MLB Network Radio (formerly MLB Home Plate, Channel 89) is an American sports talk radio station on SiriusXM that features Major League Baseball related talk shows, as well as archives and live reports about live game action, along with other baseball leagues and teams worldwide.

The network also simulcasts live national play-by-play from games broadcast by Major League Baseball on ESPN Radio, along with occasional highlight coverage from other team radio networks.

MLB Home Plate launched in February 2005 to retain listeners with programs related to baseball when games were not occurring, and especially to provide continuing content during the hot stove season. MLB Network Radio is carried on XM channel 89, and was added to the "Best of XM" package on Sirius Satellite Radio on December 10, 2008, airing on channel 209.

==First season on the air==
MLB Home Plate launched at the start of the Major League Baseball season in 2005 with the league's deal to bring game broadcasts to XM. It launched with a full lineup, and on its first day attracted immediate attention, when former player José Canseco claimed towards his former manager/co-host Kevin Kennedy that Sammy Sosa and Mark McGwire took steroids during the 1998 home run record chase. Around launch time, XM announced that they had signed Cal Ripken Jr. to do a Saturday mid-morning show on Home Plate. The channel was aided throughout the season as XM's subscriber growth prediction exceeded what they expected, with retailers claiming that 15-17% of people who signed up for XM did it for baseball.

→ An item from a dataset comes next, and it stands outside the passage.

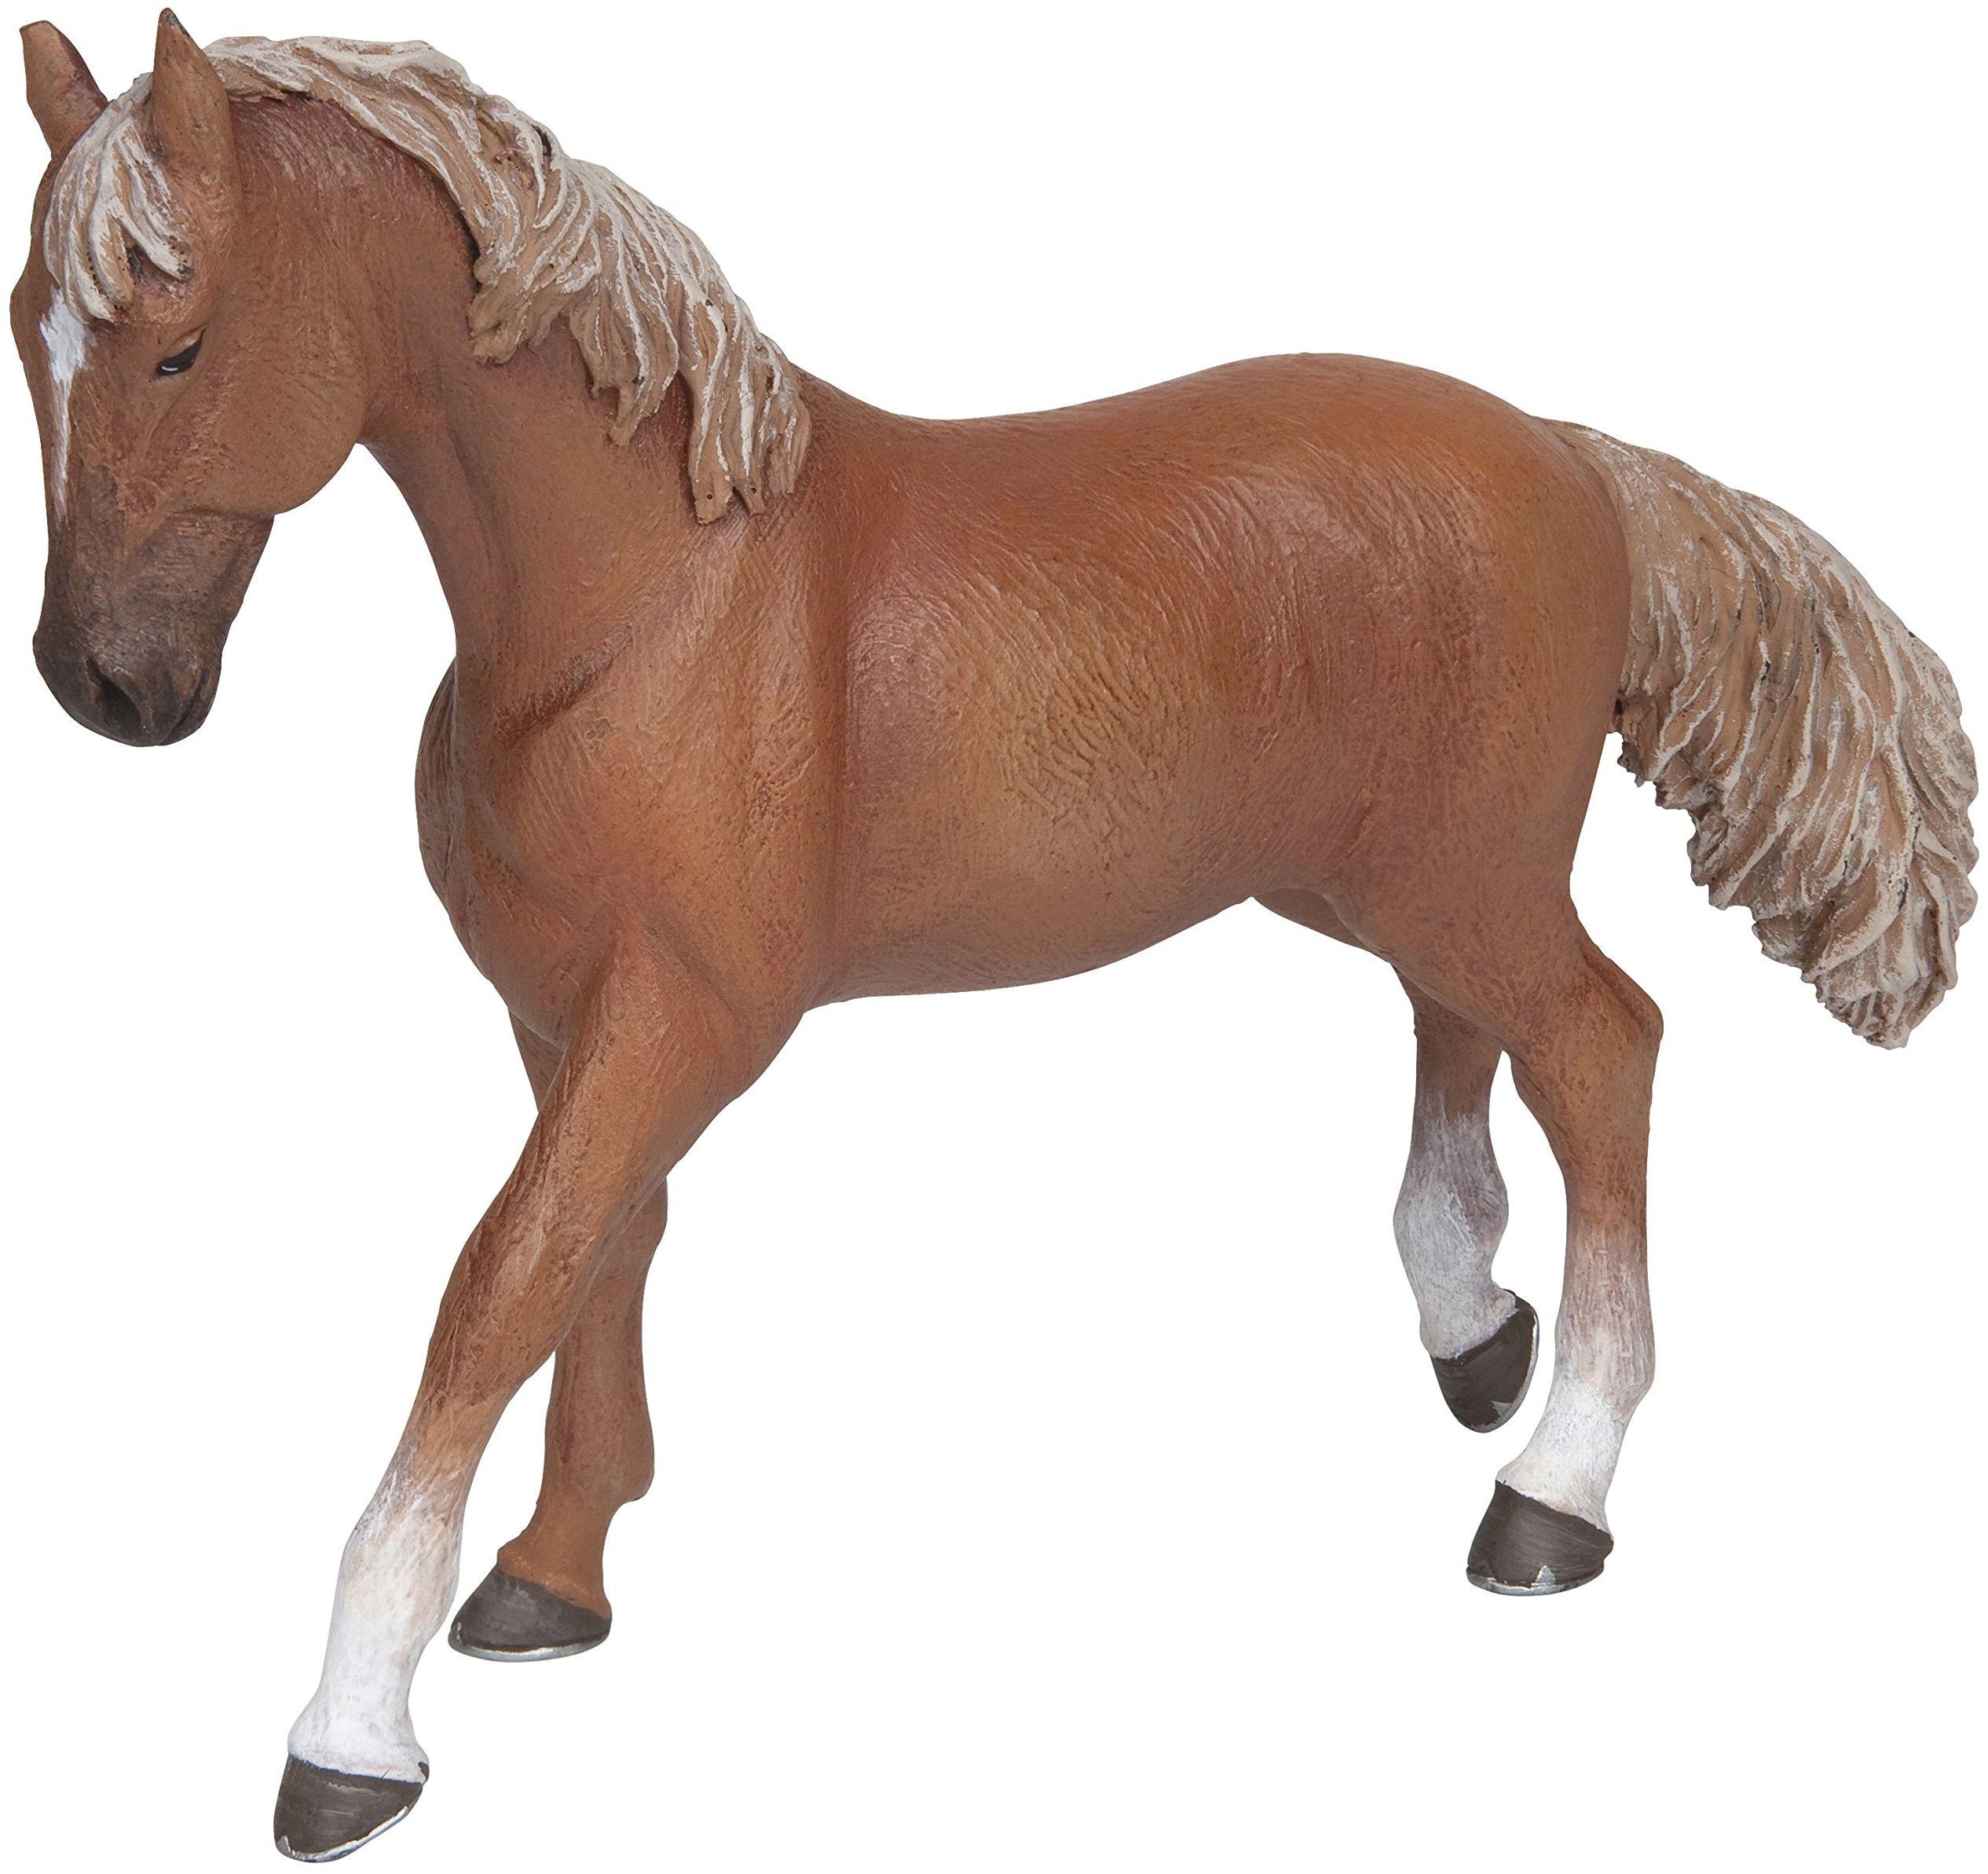 Papo 51533 konie, kule i Pony Araber Anglo Stute czerwono-brązowe, wielobarwne

The end of the 2005 season was especially active as the satellite company carried both feeds of both teams during the post-season games, along with the national, home, road and Spanish calls of each World Series game, typing into a promotional giveaway where all adults in attendance at U.S. Cellular Field for Game 1 of the 2005 World Series received a free Roady XT satellite radio unit and subscription.

==2006–09==
At the beginning of MLB's second season on XM Radio, XM Radio Canada decided to add all 14 MLB Play-by-Play channels to their platform. Canada already carried Home Plate, and now they would carry the complete Major League Baseball package barring XM 174 (Spanish broadcasts). In exchange, they would produce channel 179 with some select exclusive content, and make that channel the home for all the Toronto Blue Jays home games. XM Canada also produced interviews for play on the other play-by-play channels when no games were being aired.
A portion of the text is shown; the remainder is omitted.